Non-looping audio (busy tone) automatically closes the room after playback drains.

Hold isolation¶

When a caller is placed on hold, Media Bot unsubscribes them from all other audio tracks at the LiveKit server level so they only hear the hold track. The held party is re-subscribed on unhold.

Live transcription¶

Media Bot runs STT on all human participants in the room in parallel with the Atlas conversation.
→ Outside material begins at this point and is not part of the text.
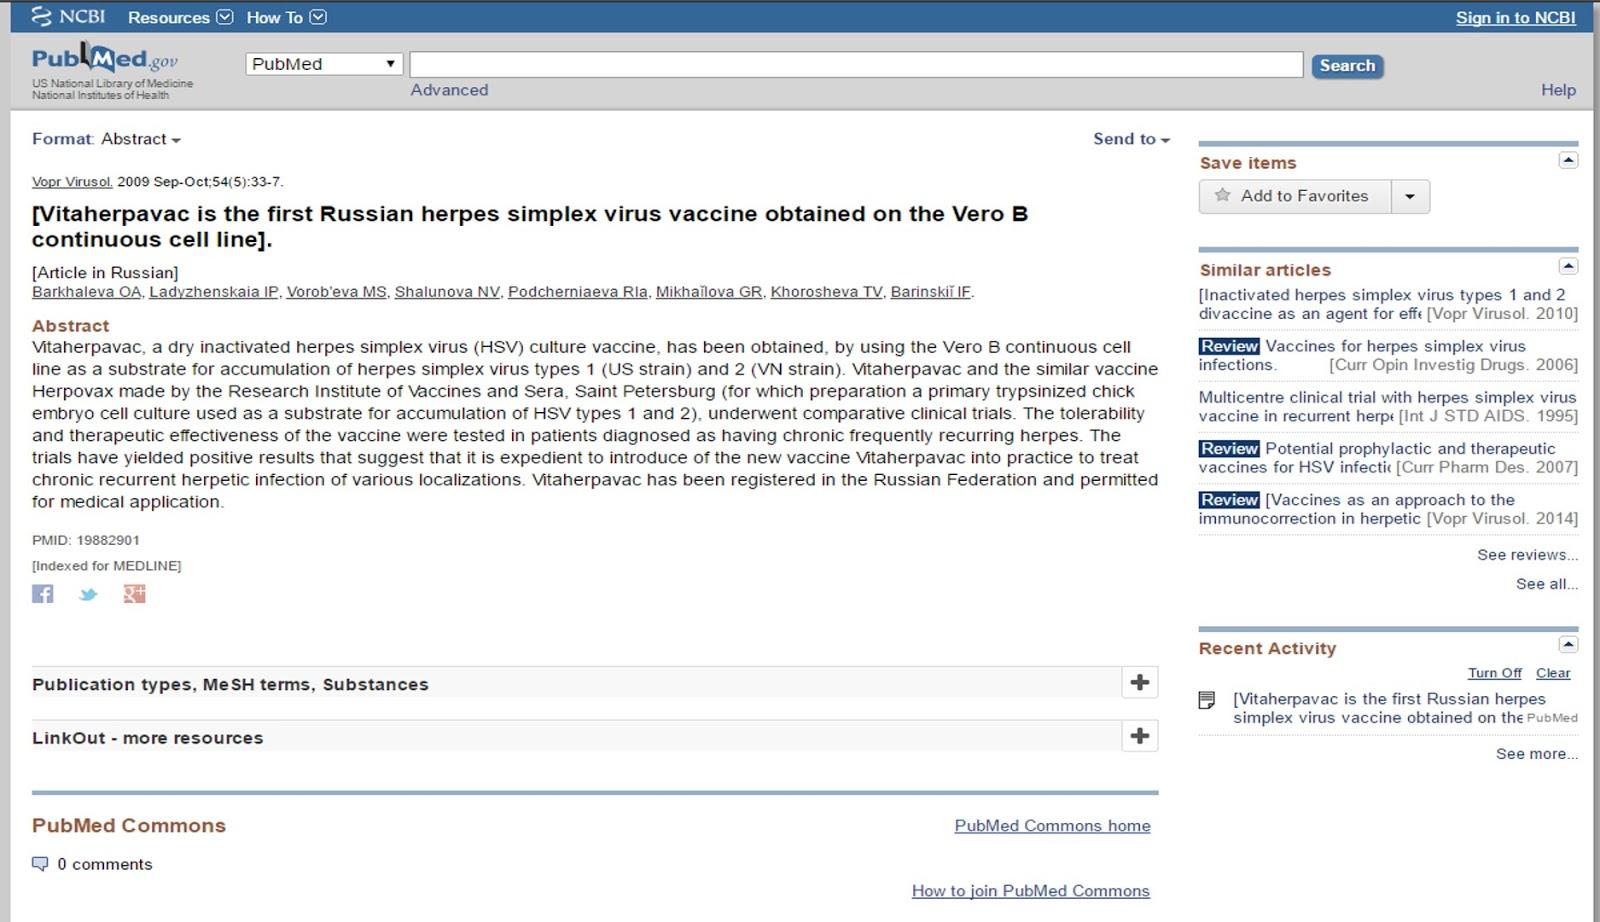 House of Herpesians: Vitaherpavac- Russian Vaccine?
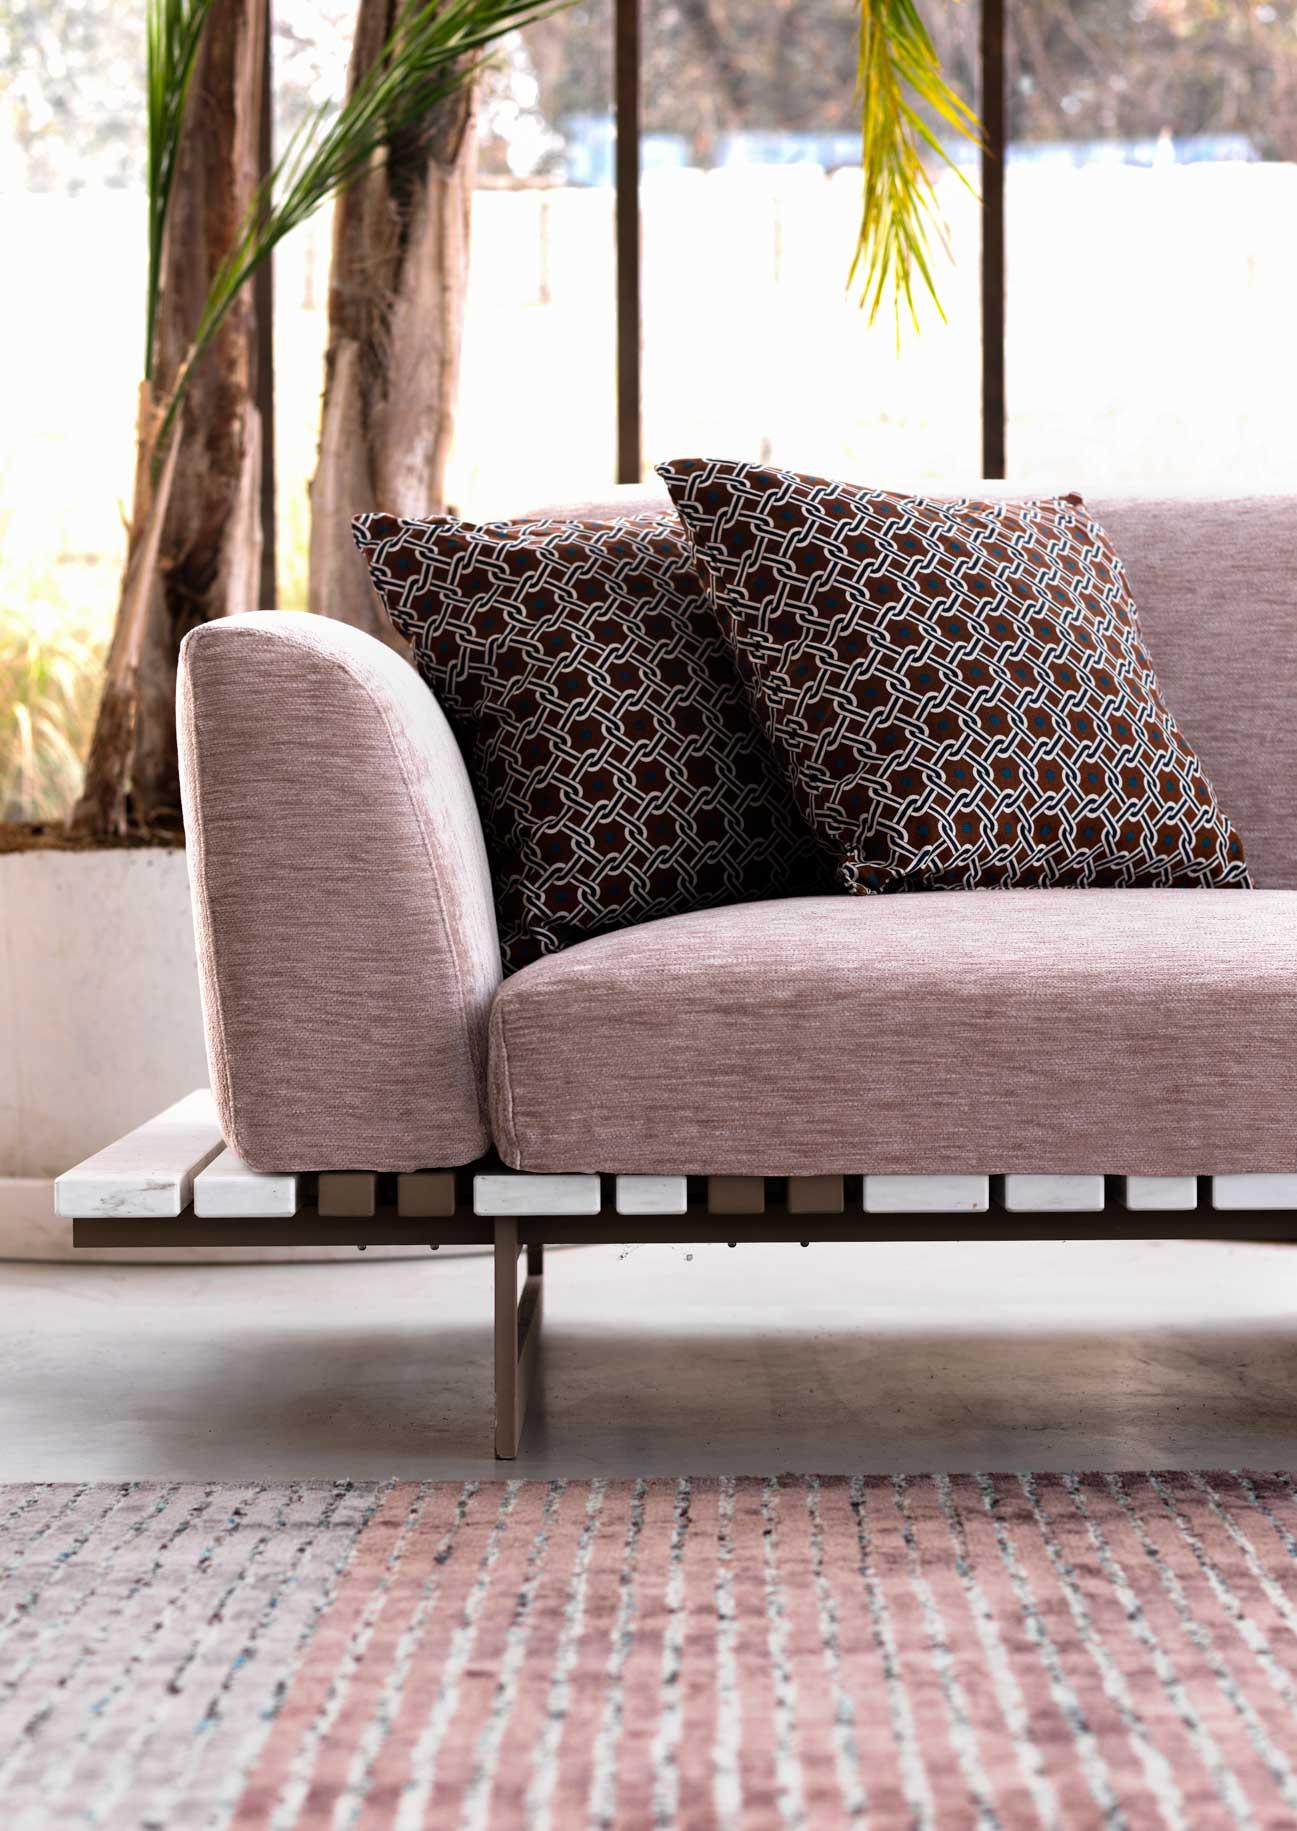 Intnow-Furniture-HomeDesign_Ritagli

It selects the STT provider by language:

stt.language = "en" / "en-US" / "en-GB"  →  Deepgram nova-3
stt.language = "ar" / "ar-SA"             →  ElevenLabs Scribe v2
all other languages                        →  Groq Whisper

Call Service activates transcription by setting attributes on Media Bot's own participant:

Attribute	Value
`stt.enabled`	`true` / `false`
`stt.language`	BCP-47 language code
`stt.command_id`	UUID (deduplication)

Transcription output (FINAL_TRANSCRIPT + VADER sentiment scores) is published to the LiveKit data channel.

Media Bot vs Atlas¶

	Media Bot	Atlas
Purpose	Tones, hold, transcription	AI conversation
Audio output	Pre-recorded assets	AI-generated TTS
Audio input	All participants (STT)	Caller only
Control	Room metadata attributes	LiveKit RPC + Compass config
Track type	`SOURCE_SCREENSHARE_AUDIO`	`SOURCE_MICROPHONE`
Deployment	Light (≤ 512 Mi RAM)	Full voice pipeline

Configuration¶

Variable	Default	Purpose
`LIVEKIT_URL`	(required)	LiveKit server WebSocket URL
`LIVEKIT_API_KEY`	(required)	LiveKit API key
`LIVEKIT_API_SECRET`	(required)	LiveKit API secret
`STT_PROVIDER`	`groq`	Default STT provider
`GROQ_API_KEY`	(required)	Groq API key
`DEEPGRAM_API_KEY`	(required)	Deepgram API key
`ELEVENLABS_API_KEY`	(required)	ElevenLabs API key
`MEDIA_BOT_NUM_IDLE_PROCESSES`	`2`	Pre-spawned worker processes
`MEDIA_BOT_LOAD_THRESHOLD`	`0.75`	CPU load scale trigger
`MEDIA_BOT_MAX_RETRY`	`16`	Max connection retries
`MEDIA_BOT_PROMETHEUS_PORT`	unset	Optional Prometheus metrics port
`LOG_LEVEL`	`INFO`	Log verbosity

Deployment¶

Media Bot is deployed to the livekit namespace (separate from the dps namespace used by other services):

export KUBECONFIG=~/dok8s/dev_tunnel.yaml

kubectl set image deploy/livekit-media-bot-service \
  livekit-media-bot-service=registry.freston.io/intento/tenantator/media-bot:<sha> \
  -n livekit

Config is read from ai-secrets and ai-configs Kubernetes resources in the livekit namespace.

Smoke test: Place a call and verify a media-bot-<uuid> participant appears in the room alongside the AI agent.